Он помолчал, затушил сигарету.
— А потом… Знаете, Света, у нас с вами, оказывается, есть общие знакомые. С некоторых пор я тоже подстригаюсь у вашего мастера — у Евгения.
* * *
Поскольку с Музой я уже наобщалась вдоволь, то сразу направилась к знакомому фотокору Тофику Абдуллаеву, чьими фотографиями были украшены криминальные заметки утренних газет.
Тот даже не чувствовал за собой никакой вины.

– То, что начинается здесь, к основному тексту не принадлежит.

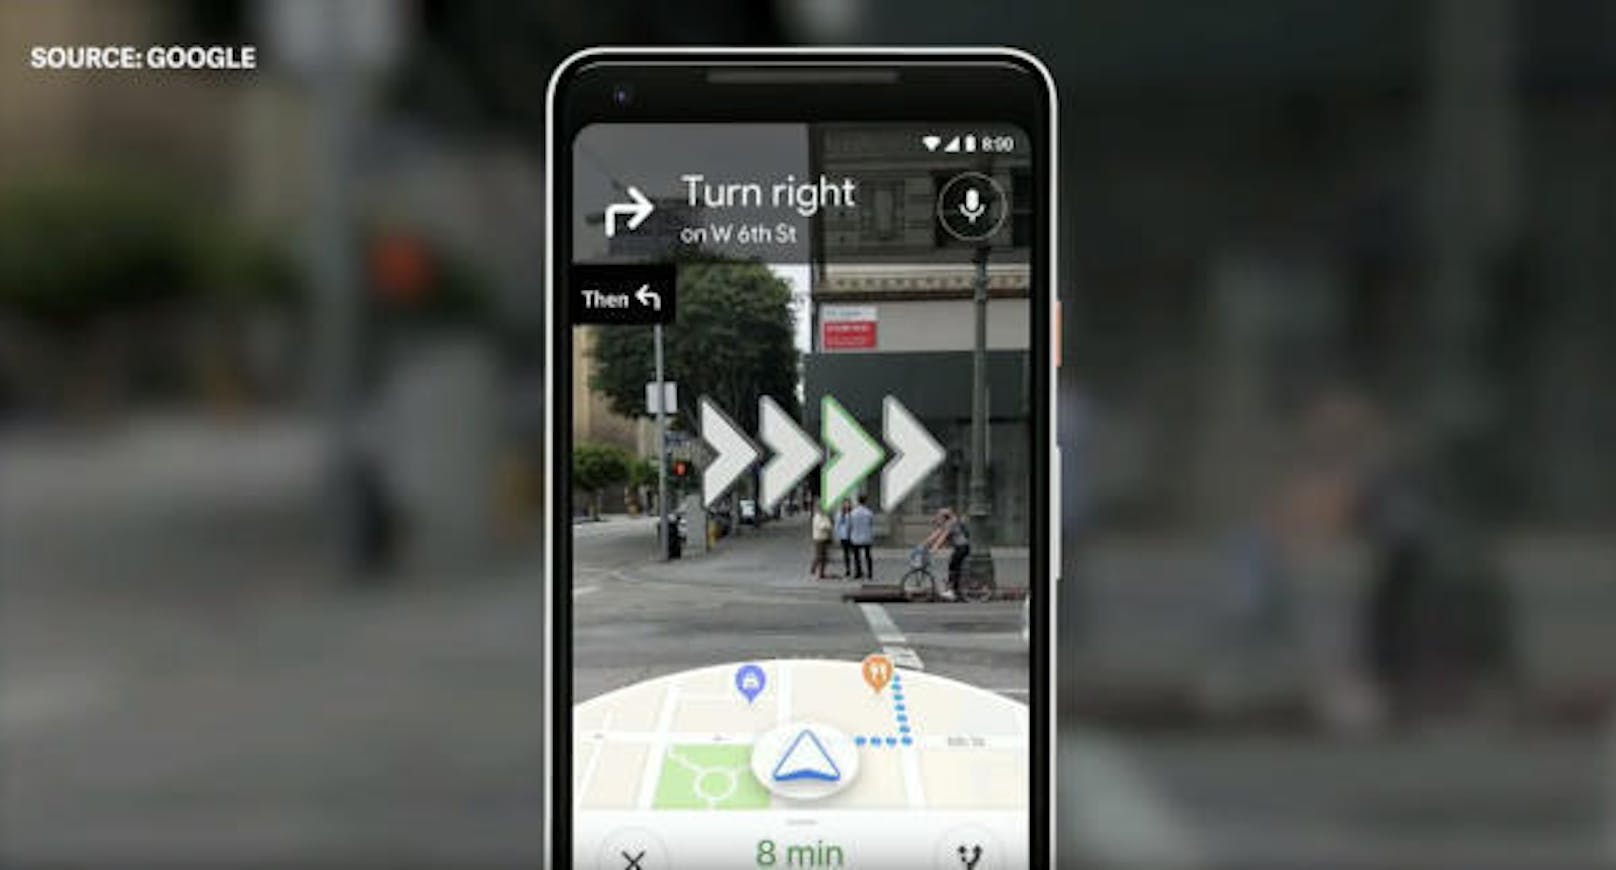 Augmented-Reality trifft auf Google Maps: So soll es einfacher werden, Adressen noch schneller zu finden, da man so nicht Gefahr läuft, zuerst in eine falsche Richtung zu gehen.
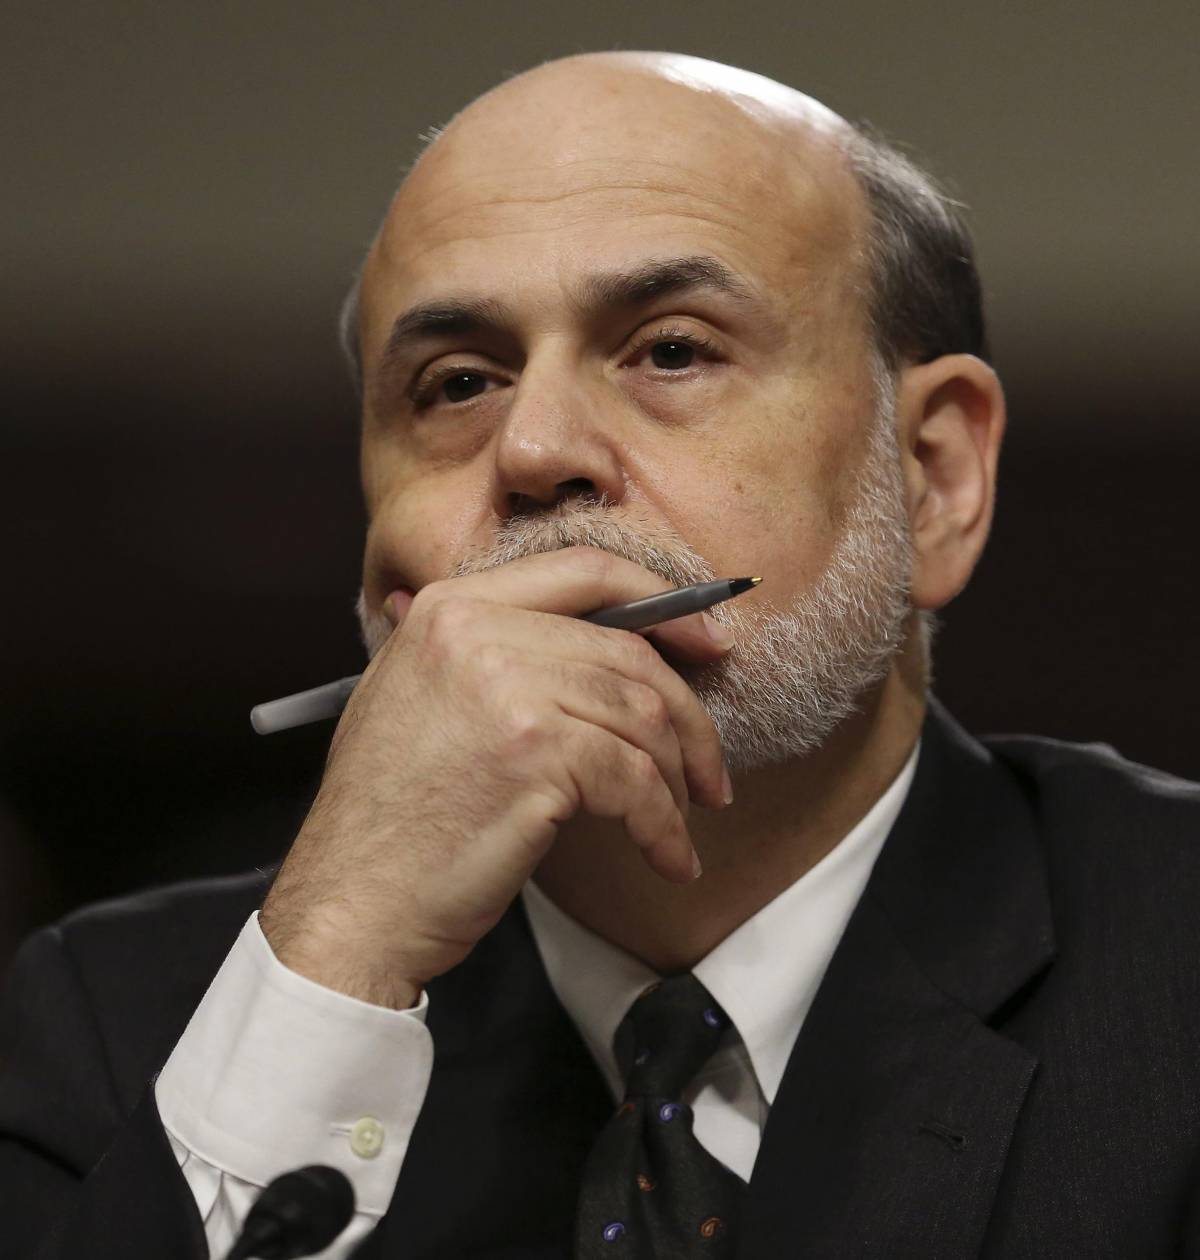 Bernanke stamperà altri dollari

— Светик — это же мой хлеб. Я отщелкал две пленки, сдал их в наше агентство, а уж купят снимки или нет — дело не мое. Я даже не знаю, вышли ли мои снимки сегодня в газетах.

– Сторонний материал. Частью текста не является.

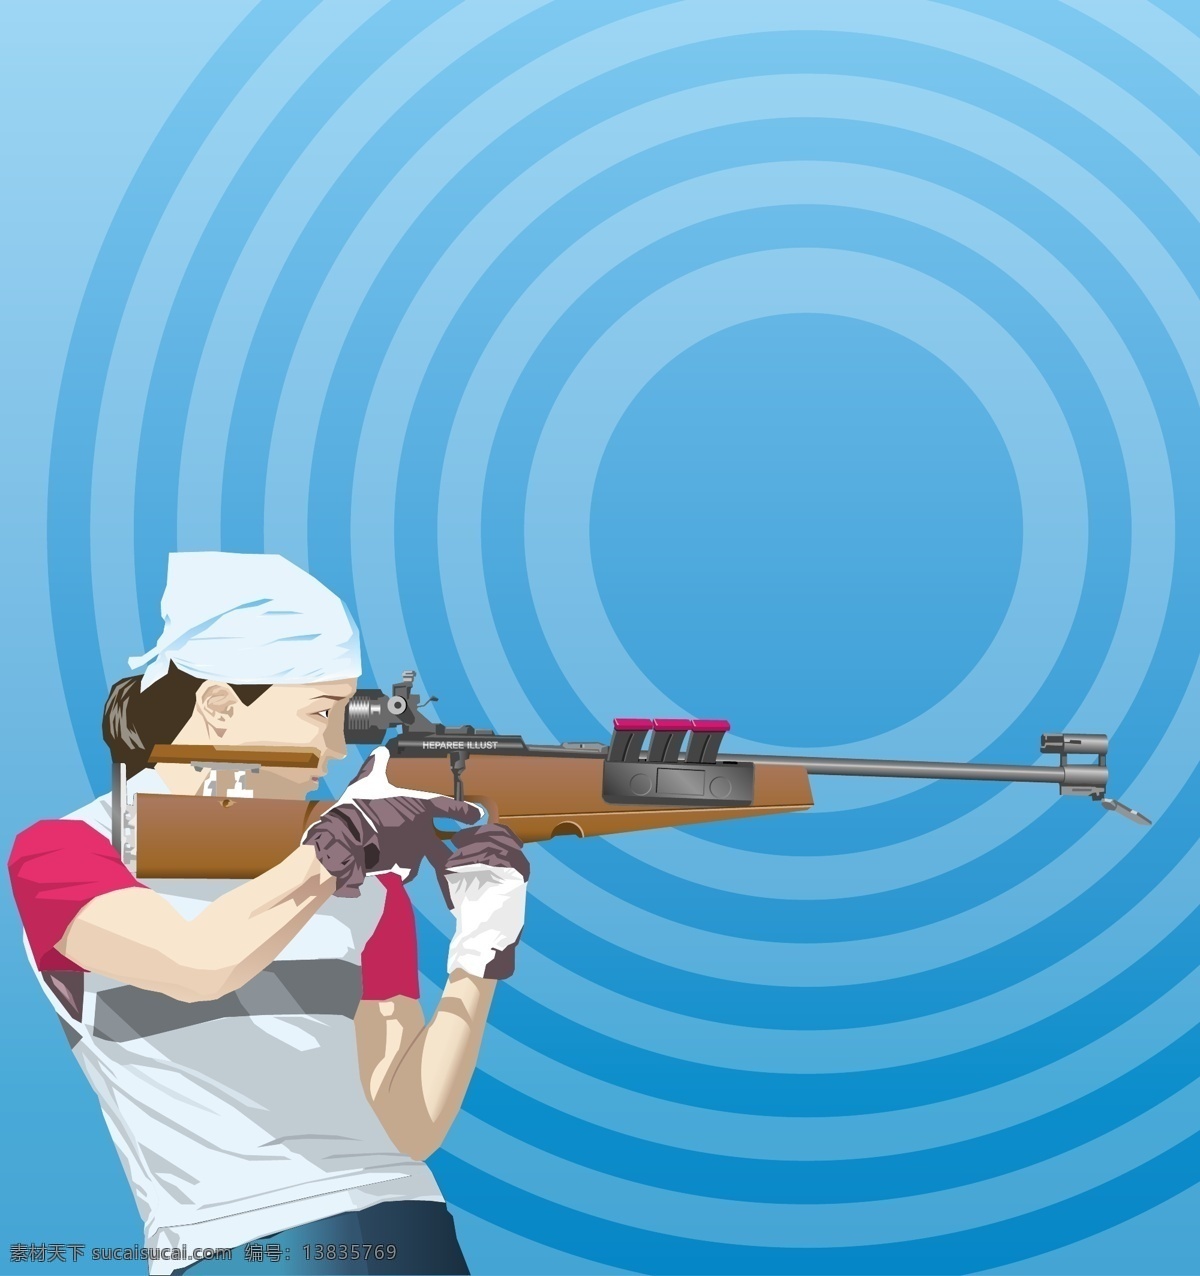 女性射击运动 女性 步枪 靶环 射击 运动 矢量人物 日常生活 体育运动 人物 矢量图 矢量图库

Я положила перед ним две газетные вырезки.
— Да, моя работа. Особенно горжусь, что успел нажать на камеру, когда к тебе губер подошел. Смотри, как ты улыбаешься хорошо.
Тофик, как выяснилось, до этого ничего не знал о моих проблемах, а выслушав меня, лишь развел руками: извиняйте, мол…
— А негативы у тебя сохранились?
— Зачем тебе?
— Хочу посмотреть, кто на замытом фоне.
— Это я тебе и без негативов покажу, — и Абдуллаев «открыл» фото на компьютере.
Снимки сразу видоизменились. Теперь уже на них кроме нас с губернатором появились другие гости: вот художник-редактор с рюмкой водки в руке, вот — с заискивающей улыбкой — хозяйка Муза… А это кто? На обоих снимках на заднем плане стояла молодая девушка, зачарованно смотрящая прямо в объектив. Лицо ее показалось мне отдаленно знакомым, но — убейте меня! — я не могла вспомнить, кто это.
— А ты укрупнить можешь? — спросила я Тофика.
— Нет проблем. — И он начал виртуозно работать «мышкой». Однако при увеличении задний план расползался, и черты лица той девушки только расплывались. Ничего не получалось.
— Кого хоть идентифицируем? — наконец спросил Тофик.